Phil Clark

No. 37, 39, 22
- Position: Defensive back

Personal information
- Born: April 28, 1945 (age 81) Burlington, Kentucky, U.S.
- Listed height: 6 ft 3 in (1.91 m)
- Listed weight: 208 lb (94 kg)

Career information
- High school: Taylor (OH)
- College: Northwestern
- NFL draft: 1967: 3rd round, 76th overall pick

Career history
- Dallas Cowboys (1967–1969); Chicago Bears (1970); New England Patriots (1971);

Awards and highlights
- Second-team All-American (1966); First-team All-Big Ten (1966);

Career NFL statistics
- Games played: 52
- Interceptions: 4
- Fumbles recovered: 2
- Stats at Pro Football Reference

= Phil Clark (American football) =

American football player (born 1945)

Phil Clark (born April 28, 1945) is an American former professional football player who was a defensive back in the National Football League (NFL) for the Dallas Cowboys, Chicago Bears and New England Patriots. He played college football for the Northwestern Wildcats. He was selected by the Cowboys in the third round of the 1967 NFL/AFL draft.

==Early life==
Clark attended Taylor High School, before accepting a football scholarship from Northwestern University. He was considered the fastest man on the team and played roving linebacker as a junior.

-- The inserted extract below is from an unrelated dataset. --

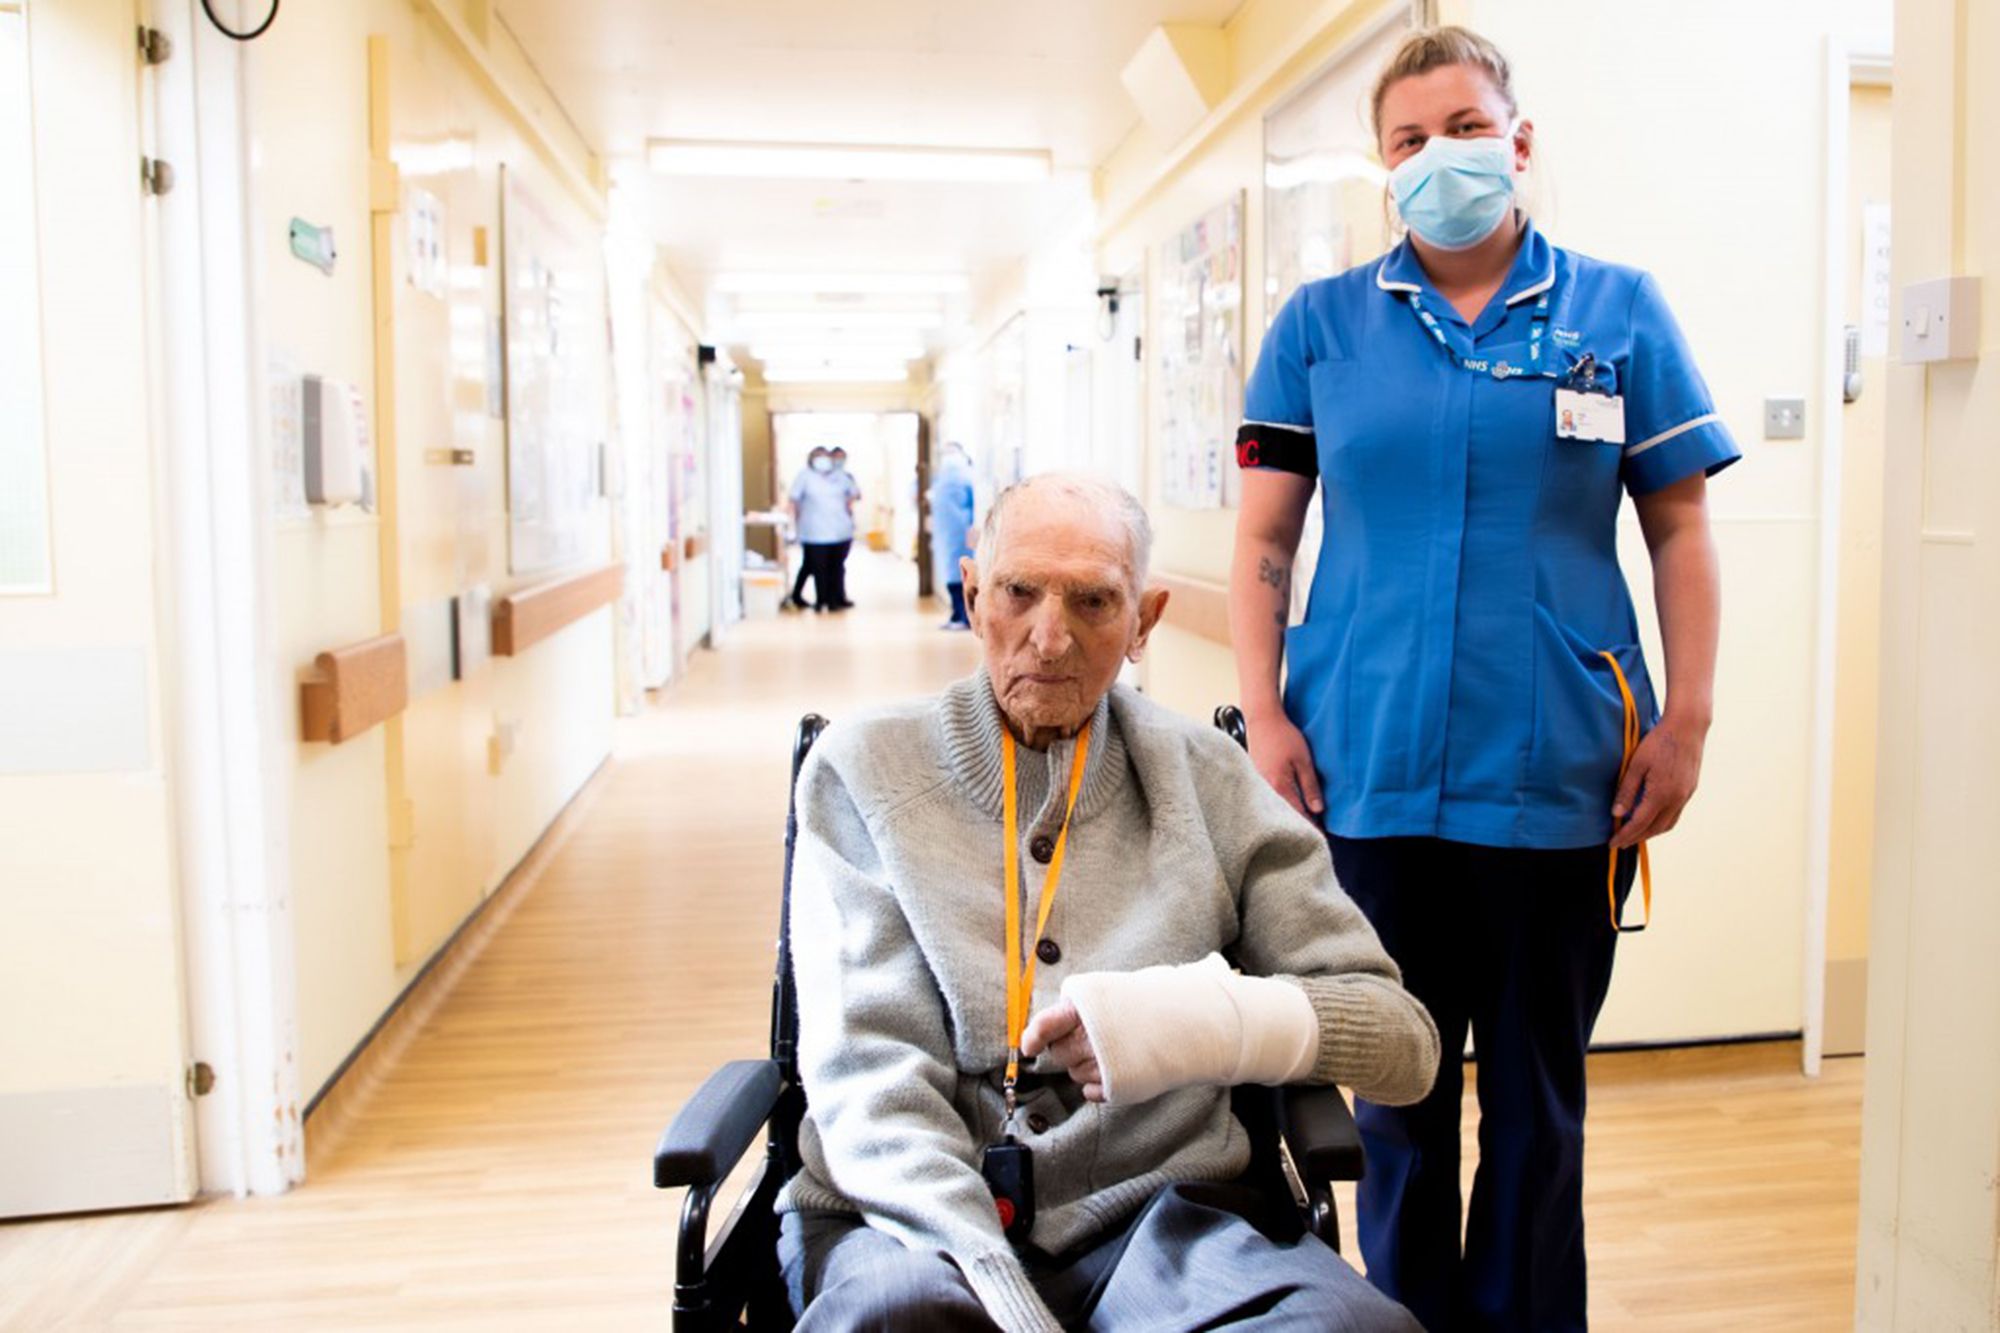 99-year-old WWII vet albert chambers applause after beating coronavirus

In 1966, he was named the starter at safety, intercepting 3 passes while receiving second-team All-American and All-Big Ten honors. He also played in the East–West Shrine Game, the Hula Bowl and the 1967 Chicago College All-Star Game.

==Professional career==

===Dallas Cowboys===
The Dallas Cowboys entered the 1967 NFL/AFL draft without a first and second round draft choice, that were traded as part of the price to resolve the Ralph Neely dispute with the Houston Oilers. With their first choice, Clark was selected in the third round (76th overall).

As a rookie, he started 6 games at free safety in place of an injured Mel Renfro. The next year he was a reserve player behind Mike Johnson and Renfro.

In 1969, he started in 13 games at right cornerback, before being benched in favor of Otto Brown. On January 27, 1970, he was traded along with Craig Baynham to the Chicago Bears in exchange for a second round draft choice (#27-Bob Asher).

===Chicago Bears===
In 1970, the Chicago Bears switched him to strong safety, where he earned the starter position. He was released on September 9, 1971.

===New England Patriots===
On September 22, 1971, he signed as a free agent with the New England Patriots. He was released on October 7, after playing in just two games.